Issues addressed by feature store
Prevent repeated feature development work
Software engineering best practice tells us “Don’t Repeat Yourself” (DRY). This applies to feature engineering logic as well. Sharing features across teams in an organization reduces the time to production for models. Features developed by one team can be reused by another. This becomes more important when a company scales and runs more machine learning models in production. Computing features differently across models can create issues. It can reduce customer’s reliability, fairness, and even violating regulatory constraints. A typical case is when regulatory constraints force you to compute features in a specific way.
Mind, data lineage and discoverability become paramount when collaborating on features. Data lineage clarifies what data sources and transformations create a certain feature. A feature is discoverable if it’s easy to find and understand. You may, for example, want to know what values it can take. This blog post will not focus on data lineage nor discoverability. Yet, they’re worth mentioniong as a consequence of collaboration.
Prevent repeated computations
As the number of models grows, they will compute more and more features. This increases the demand for compute and your cost. In a naive setup features are (re-)computed each time you train a new model. The same features may even be computed by many models maintained by different teams. This drives computation costs. This is a common issue, especially when working in cloud environments.
Storing your features in a feature store for later use is a great way to prevent repeated computations. Features are computed in a feature engineering pipeline that writes features to the data store. This lets your teams train models without repeating data preparation steps each time. Computing features with each training run can take hours. This slows down development progress and your ability to iterate on a model. Reusing stored features helps to iterate faster. This increases your model development speed.
This pattern reduces computation cost and reduces time to production for models. The feature store can be shared with other teams across your organization. Teams spend less time on developing and maintaining features. This reduces the time to production for models even further.
Fetch features not provided by the consumer
A feature store can be used to fetch features not provided by the consumer of your model. This implies there is a service consuming your model that provides some, but not all, input features. This is only relevant in online serving scenarios, as explained in this blog post. In online serving scenarios it is common for consumers to provide a subset of features Or, the consumer provides only an identifier (for instance, a customer id or item id) to make a prediction for. The sections below explain this in more detail.
Throughout this blog post, online and offline serving will be mentioned. Please have a look at this blog post on machine learning serving architectures if you do not know the difference.
How your model will receive its features?
Let’s say you are a Data Scientist working in a model development environment. You have complete access to all historical data. In this environment you prepare features. You train a model with these features. You deploy the model to production when the trained model promises value. In this example you serve the model online. The model consumers provide the model features as input for the model. The model produces predictions for one or more services. You have two options for inference:
- The consumer computes the features your model requires as input
- The consumer sends raw data and compute features during inference time.
- You use a feature store to fetch features not provided by the consumer
What if a new feature needs to be added?
Below diagram shows an example where multiple services consume a model. Moreover, the consumer computes the features. It becomes harder to add or remove features, because your model is coupled with its consumers.
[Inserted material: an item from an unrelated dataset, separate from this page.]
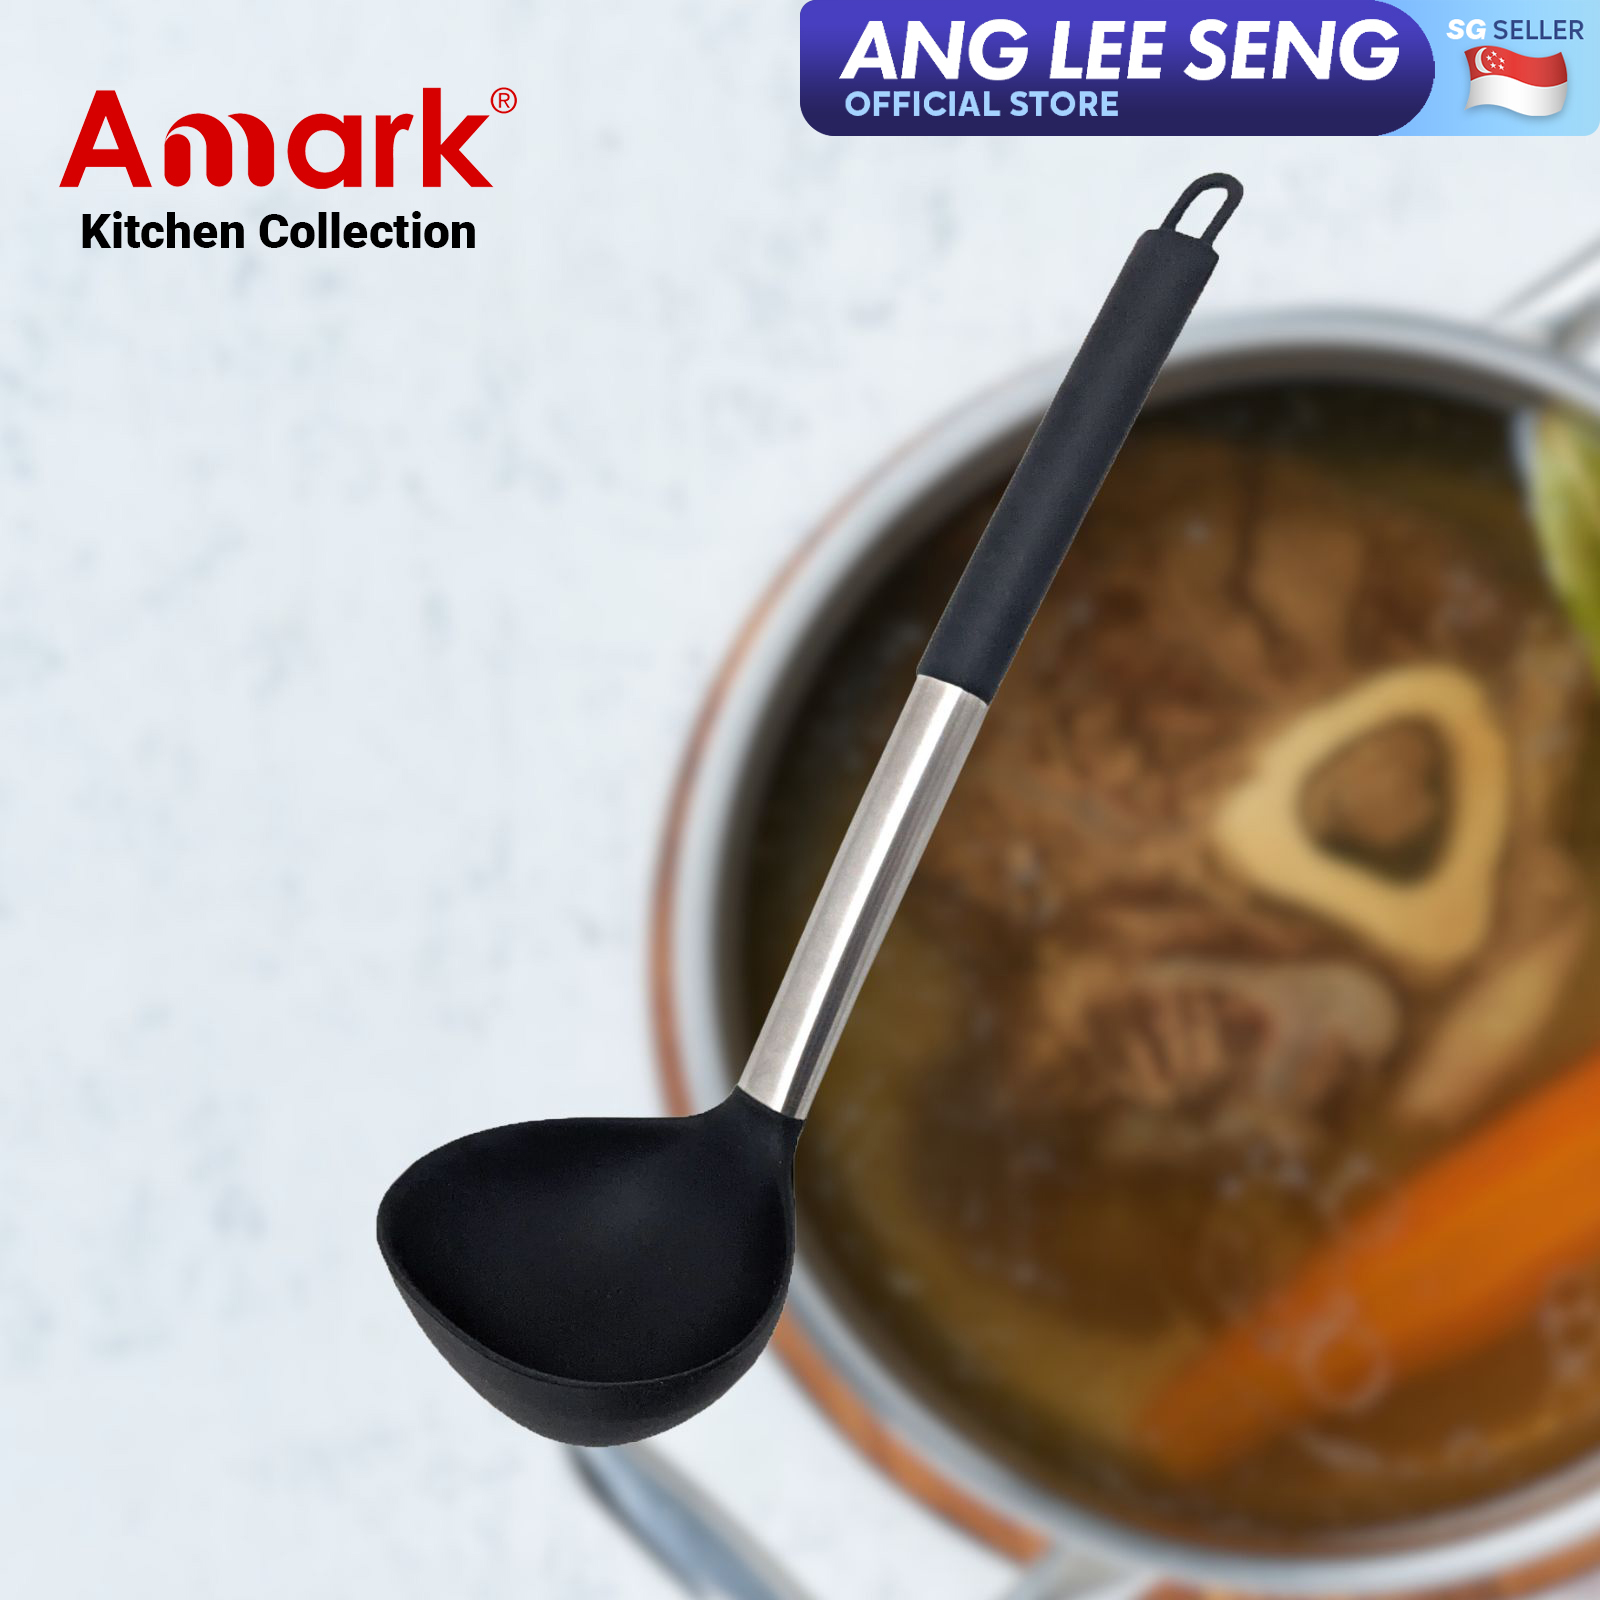 Amark Kitchen Collection Silicone & Stainless Steel Ladle - Scratch & High Heat Resistant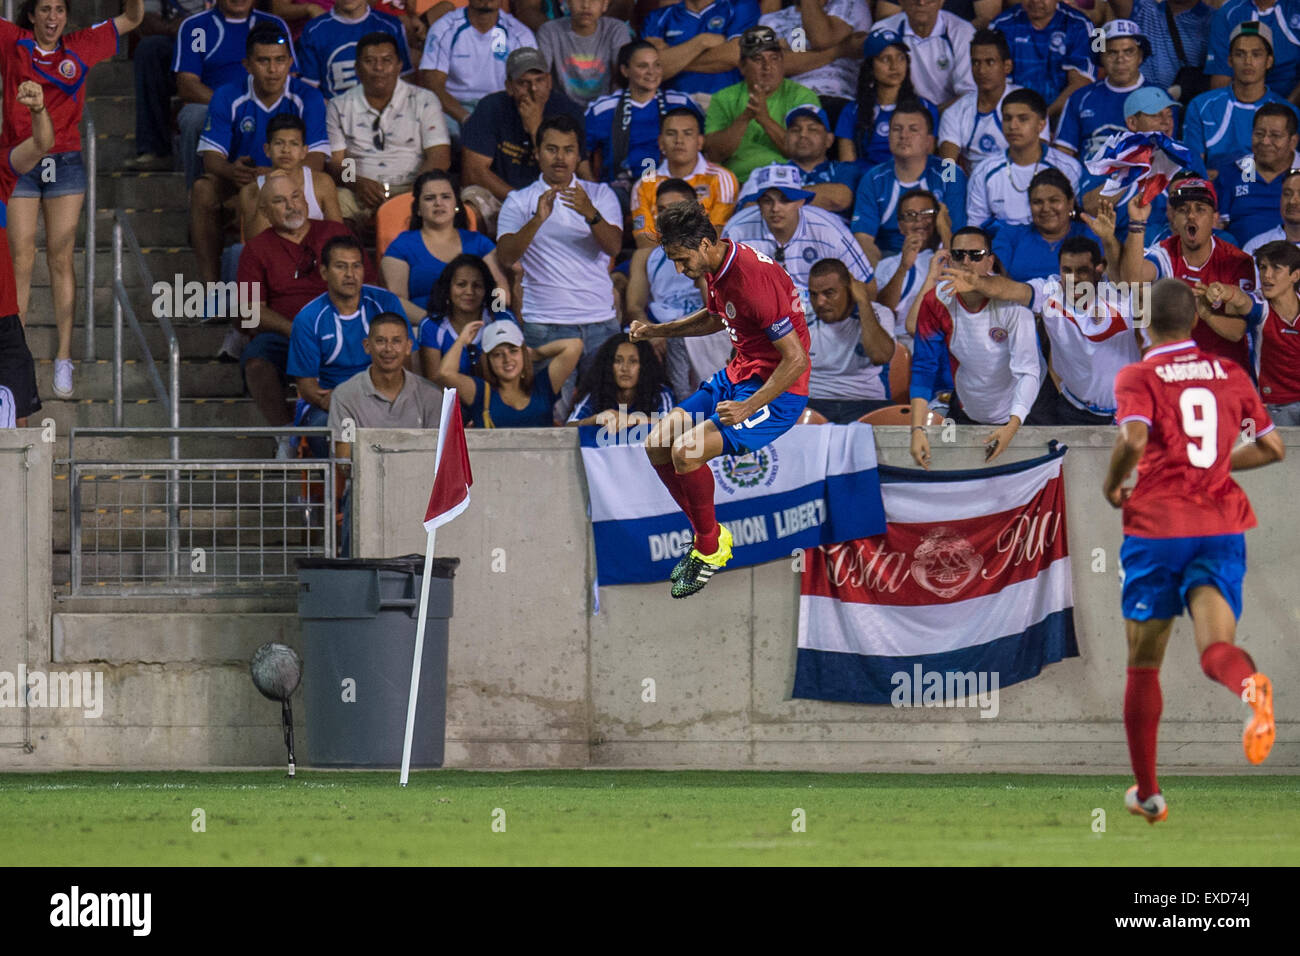 Houston, Texas, USA. 11th July, 2015. Costa Rica midfielder Bryan Ruiz (10) celebrates his goal during the 2nd half of an international CONCACAF Gold Cup soccer match between Costa Rica and El Salvador at BBVA Compass Stadium in Houston, TX. The game ended in a 1-1 draw. Credit:  Cal Sport Media/Alamy Live News Stock Photo

Changing features requires all services consuming your model to adopt this feature. You need to support two versions of your models to guarantee business continuity. Your model is coupled with its consuming applications. This means each change to your model means a change to its consumers. Making changes to your model starts to become a nightmare. Additionally, there’s the risk of train-serve skew. Consumers likely compute features differently than your model did at training time. This results in train-serve skew.
Computing features during inference
The second option suffers from most of the issues of the former. Model and consumers are still tightly coupled. Consumers need to provide all data instead of only features. This makes the interface between model and consumer complex. Consumers need to be updated when a new feature is added that requires new input data. Providing the raw data for a feature reduces the chance on train-serve skew. This pattern introduces new issues for features that require a lot of data to compute. The request can get very big and computing predictions can become slow.
These suboptimal patterns above show the need for the third option; a feature store to fetch data from that is not provided by the consumer. Later in this blog post we will show different ways to implement this.
Solve train-serve skew
Train-serve skew is one of the most prevalent bugs in production machine learning. Train-serve skew occurs if your feature input distribution is different at serving time than at training time. This is often caused by the difference between model training and serving environment. The model training environment is where model development. In this environment you prepare data and features. In the model serving environment your model computes predictions for its consumers.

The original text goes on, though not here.